#Load require packages
library(ggplot2)
library(FactoMineR)
library(factoextra)
## Welcome! Want to learn more? See two factoextra-related books at https://goo.gl/ve3WBa
library(kableExtra)
library(dplyr)
##
## Attaching package: 'dplyr'
## The following object is masked from 'package:kableExtra':
##
## group_rows
## The following objects are masked from 'package:stats':
##
## filter, lag
## The following objects are masked from 'package:base':
##
## intersect, setdiff, setequal, union
#Load data set
GSE55763_100 <- read.csv("GSE55763_merged.csv", header = TRUE, stringsAsFactors = FALSE)
#Verify dimensions and first rows
dim(GSE55763_100)
## [1] 2664 103
head(GSE55763_100,3)
Convert variables in the correct type:
GSE55763_100$age <- as.numeric(GSE55763_100$age)
GSE55763_100$gender <- factor(GSE55763_100$gender, levels = c("M", "F"))
Visualizations
Age
ggplot(GSE55763_100, aes(x = age)) +
geom_histogram(binwidth = 5, fill = "violet", color = "black") +
theme_minimal() +
labs(title = "Age Distribution", x = "Age", y = "Samples")
Gender
ggplot(GSE55763_100, aes(x = gender, fill = gender)) +
geom_bar() +
scale_fill_manual(values = c("steelblue", "pink")) +
theme_minimal() +
labs(title = "Gender Distribution", x = "Gender", y = "Samples")
Verify missing values
n_samples <- nrow(GSE55763_100)
na_per_var <- colSums(is.na(GSE55763_100))
na_per_var <- na_per_var[na_per_var > 0]
na_df <- data.frame(
Variable = names(na_per_var),
Missing = as.numeric(na_per_var),
row.names = NULL
) %>%
filter(Missing > 0) %>%
arrange(desc(Missing))
na_df %>%
kable("html", caption = "Variables with missing values") %>%
kable_styling(bootstrap_options = c("striped", "hover", "condensed"),
full_width = FALSE)
Variable | Missing |
---|---|
cg03429968 | 59 |
cg04146137 | 45 |
cg02455868 | 3 |
cg00120358 | 3 |
cg03598412 | 2 |
cg00413097 | 1 |
cg01794405 | 1 |
cg03142837 | 1 |
cg02481741 | 1 |
cg02636585 | 1 |
cg01444413 | 1 |
cg03962463 | 1 |
# Total number of values in the dataset
total_values <- nrow(GSE55763_100) * ncol(GSE55763_100)
# Total number of missing values
total_missing <- sum(is.na(GSE55763_100))
# Percentage of missing values
missing_pct <- (total_missing / total_values) * 100
# Print summary
cat(sprintf("The dataset contains %d missing values (%.4f%%).\n",
total_missing, missing_pct))
## The dataset contains 119 missing values (0.0434%).
In this case, missing values are assumed to be Missing Completely at Random (MCAR) and will be imputed using the median of each CpG.

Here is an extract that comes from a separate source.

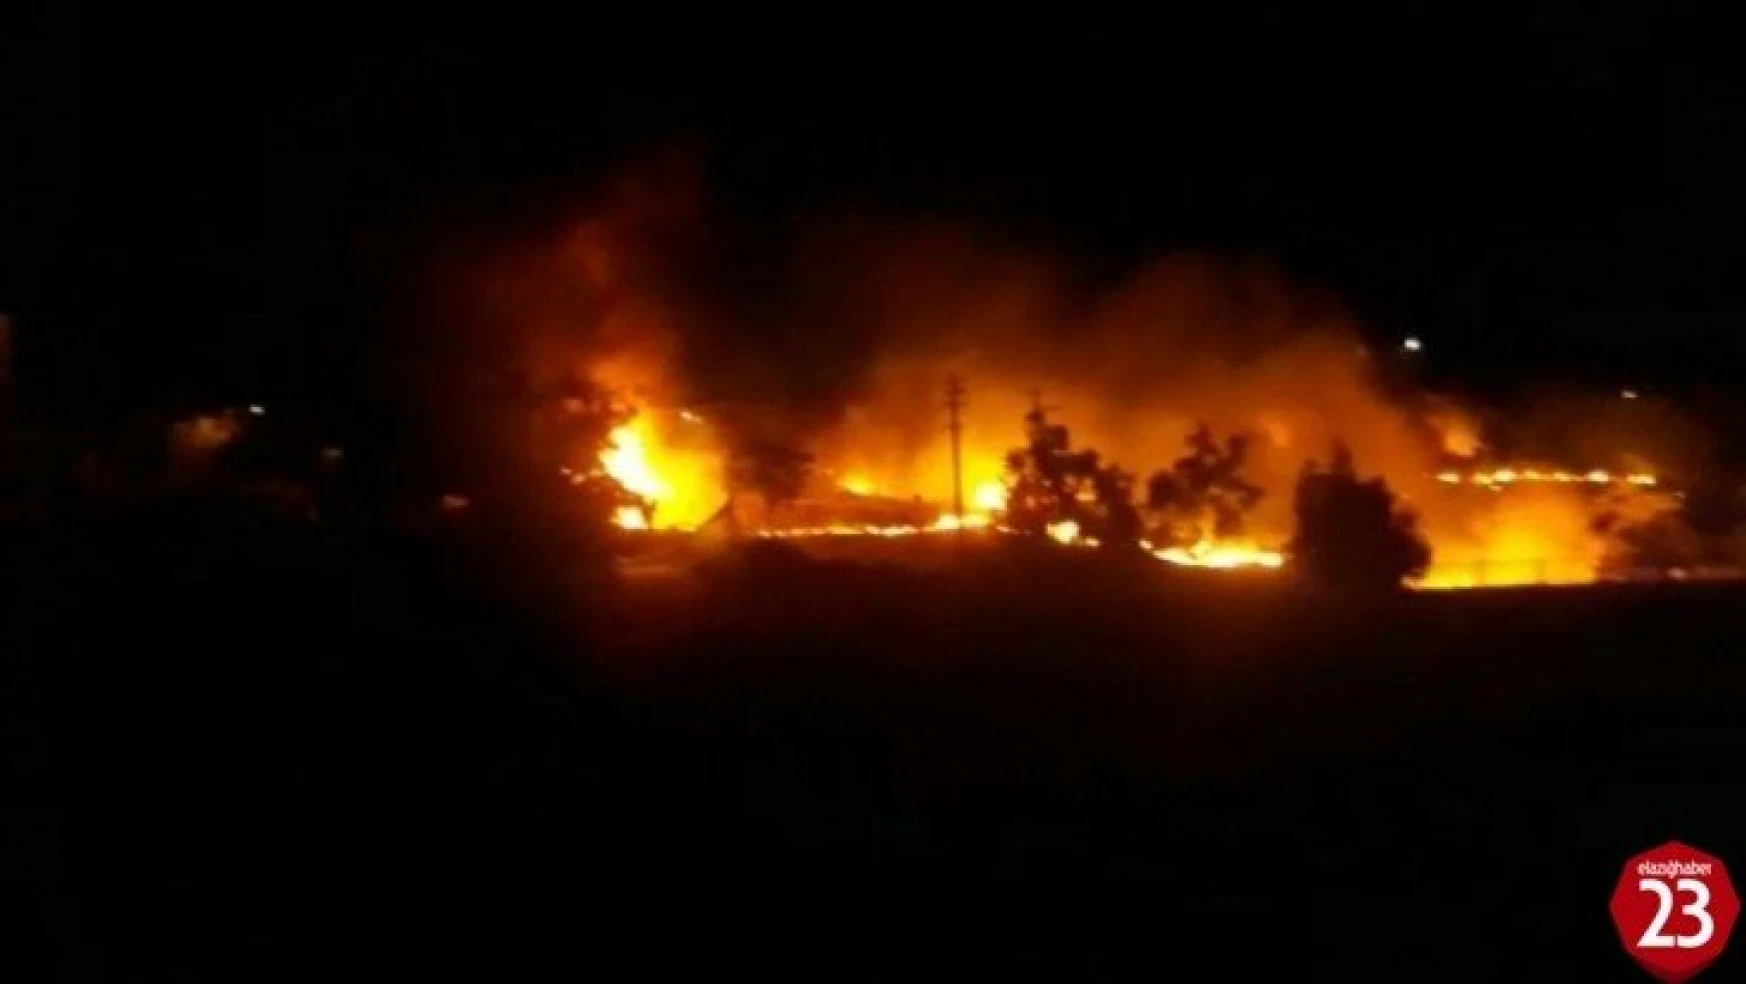 Keban'da korkutan yangın okula sıçramadan söndürüldü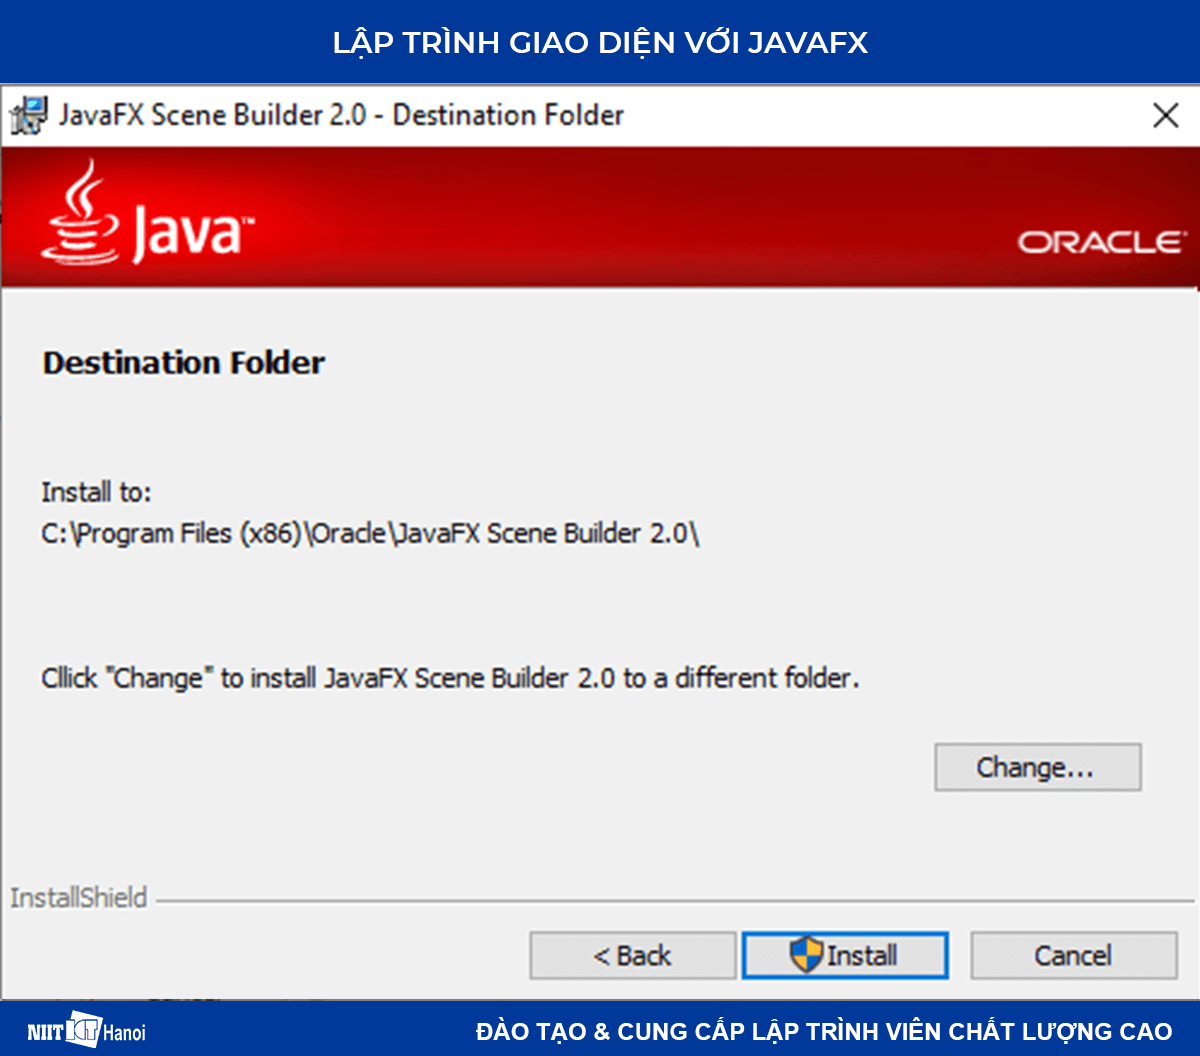 Lập trình giao diện với JavaFX: Cài đặt JavaFX Scence Builder - 2

X_cpg <- GSE55763_100[, 4:103] #select cpg columns
# Impute missing values using the median
X_cpg_imputed <- as.data.frame(lapply(X_cpg, function(x) {
x[is.na(x)] <- median(x, na.rm = TRUE)
return(x)
}))
GSE55763_100_imputed <- cbind(GSE55763_100[, 1:3], X_cpg_imputed) #combine with other variables
sum(is.na(GSE55763_100_imputed)) #verify NAs
## [1] 0
# Save imputed daat set
write.csv(GSE55763_100_imputed, file = "GSE55763_100_imputed.csv", row.names = FALSE)
PCA
X_cpg_scaled <- scale(X_cpg_top30)
pca_res <- PCA(X_cpg_scaled, graph = FALSE)
fviz_pca_ind(pca_res,
geom.ind = "point",
pointsize = 1.5,
alpha.ind = 0.6, # transparency
col.ind = GSE55763_100_imputed$gender,
palette = c("blue", "red"),
addEllipses = TRUE)
# Show only top 10 contributing CpGs
fviz_pca_var(pca_res, col.var = "contrib",
select.var = list(contribution = 10)) +
theme_minimal()
CpG | Contribution |
---|---|
cg03052760 | 19.678355 |
cg02481741 | 14.334416 |
cg00414013 | 10.944840 |
cg00176657 | 10.345763 |
cg03962463 | 10.024569 |
cg02890642 | 10.023807 |
cg04111436 | 9.459641 |
cg02065717 | 8.926222 |
cg02636585 | 8.462062 |
cg02100365 | 8.291989 |
The top 10 CpGs contributing most to PC1 and PC2 capture the main sources of variation in the dataset.